Erinnerung an Ulrike aus Eberswalde Bild: dpa

Der Mörder von Ulrike aus Eberswalde wurde vor der Tat überwacht. Dennoch geschah der Mord. Trägt die Justiz eine Mitschuld?

          Die Eltern der vor einem Jahr ermordeten Ulrike aus Eberswalde haben Dienstaufsichtsbeschwerden gegen Mitarbeiter der Staatsanwaltschaft Frankfurt/Oder und des Landgerichts Cottbus eingelegt. Grund seien Justizpannen bei der Überwachung von Ulrikes Mörder Stefan Jahn im Vorfeld des Mordes, sagte der Anwalt der Eltern, Walter Venedey, am Freitag in Berlin.

          „Wir können ganz klar feststellen, dass es Versäumnisse und Fehler gab, die nach unserer Auffassung nicht ohne Konsequenzen bleiben dürfen.“ Das Potsdamer Justizministerium wies die Darstellung zurück. Den Äußerungen von Minister Kurt Schelter (CDU) am 3. Mai 2001 sei nichts hinzuzufügen. Schelter hatte damals vor dem Rechtsausschuss des Landtages Vorwürfe gegen die Justizorgane im Mordfall Ulrike verneint. Auch ein anderer Ablauf des Verfahrens hätte den Tod des Kindes nicht verhindern können. Noch seien keine Dienstaufsichtsbeschwerden eingegangen, sie würden aber ordnungsgemäß geprüft, hieß es in einer Mitteilung vom Freitagabend.

          Landtag: Keine Justizpannen

          Eventuelle Justizpannen hatten schon kurz nach der Festnahme des Mörders für Diskussionen in Brandenburg gesorgt. Der Petitionsausschuss des Landtages hatte Ulrikes Eltern damals mitgeteilt, es habe keine Pannen gegeben. Auch der Innenausschuss sprach die Polizei von Fehlern frei.

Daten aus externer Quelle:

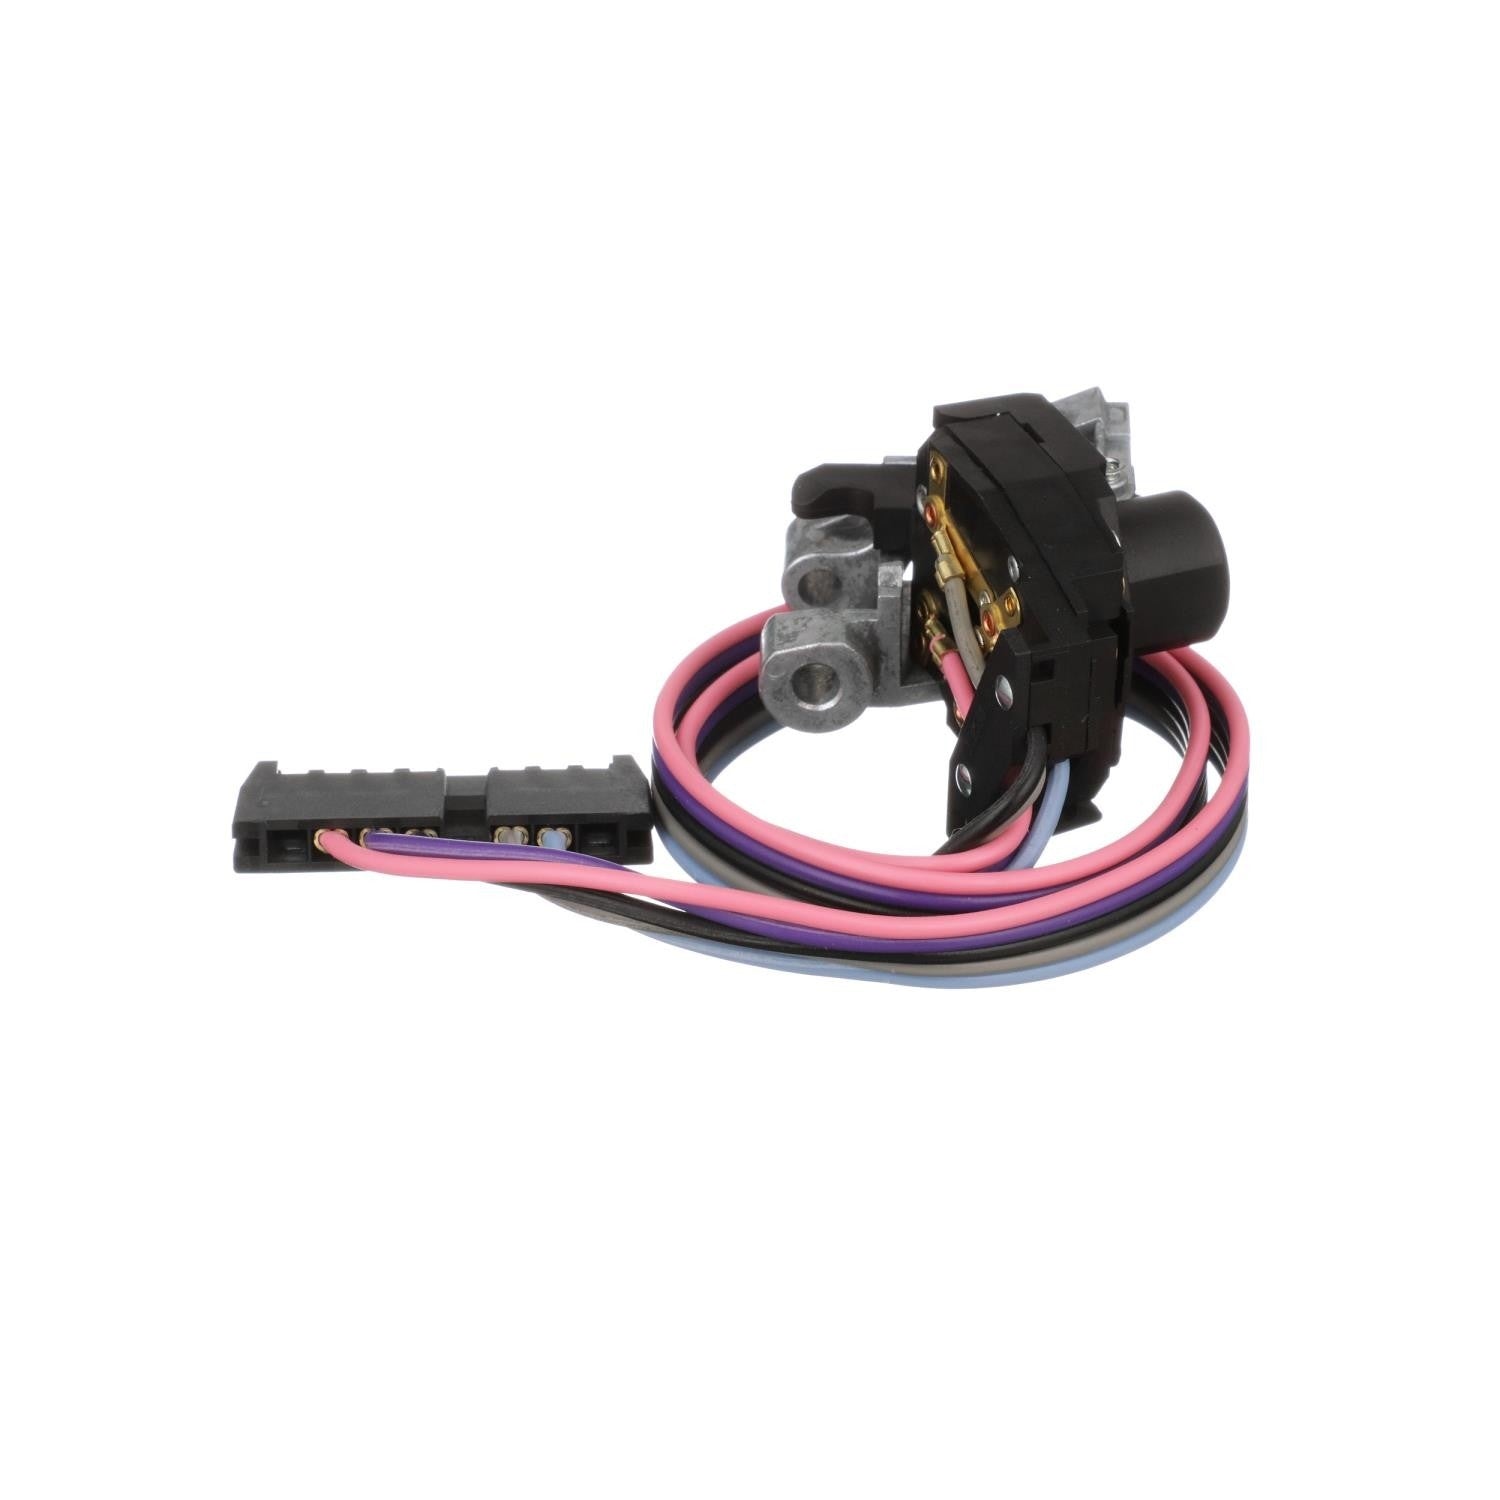 Other View of Windshield Wiper Switch STANDARD IGNITION DS-817

          Rund ein Jahr vor dem Mord war der mehrfach vorbestrafte Autodieb Jahn, der zuletzt seit 1998 im Gefängnis saß, auf Bewährung freigelassen worden. Zwei Monate später erwischten ihn Polizisten auf frischer Tat beim Autodiebstahl. „Er war sofort geständig“,
          sagte Venedey. Dennoch wurde die Bewährung nicht widerrufen. Jahn blieb auf freiem Fuß.

          Lasche Bewährungsauflagen für den späteren Täter

          „Die Akten zu diesem Fall gingen im April 2000 zur Staatsanwaltschaft Frankfurt/Oder“, berichtete der Berliner Anwalt. „Bis Oktober war dort Sendepause, obwohl der dortige Dezernent wusste, dass Jahn gerade auf Bewährung entlassen war.“ Erst im Oktober sei Anklage erhoben und an das Landgericht Cottbus geleitet worden. „Die Person am Landgericht, die die Bewährung von Jahn zu überwachen hatte, verfügte lediglich Wiedervorlage nach vier Monaten.“ Letztendlich sei in dem Verfahren nie etwas herausgekommen, sagte Venedey.

          „Was Herr Venedey vorgelegt hat, wäre Aufgabe des Justizministers gewesen“, sagte der Anwalt und PDS-Politiker Gregor Gysi, der Ulrikes Eltern bis zu seiner Wahl zum Berliner Wirtschaftssenator anwaltlich vertrat. „Man kann nicht sagen, dass irgendein Richter oder Staatsanwalt schuld ist an Ulrikes Tod“, betonte die Mutter des Mädchens am Freitag. Sie habe aber den Eindruck, dass die Kommunikation zwischen Gerichten und Staatsanwaltschaften schlecht sei.

          Stefan Jahn hatte Ulrike am 22. Februar 2001 verschleppt, missbraucht und erdrosselt. Wenn er keine Bewährung bekommen hätte, wäre er bis Sommer 2001 in Haft gewesen. Das Landgericht Frankfurt/Oder verurteilte ihn wegen des Mordes an der Zwölfjährigen zu lebenslanger Haft.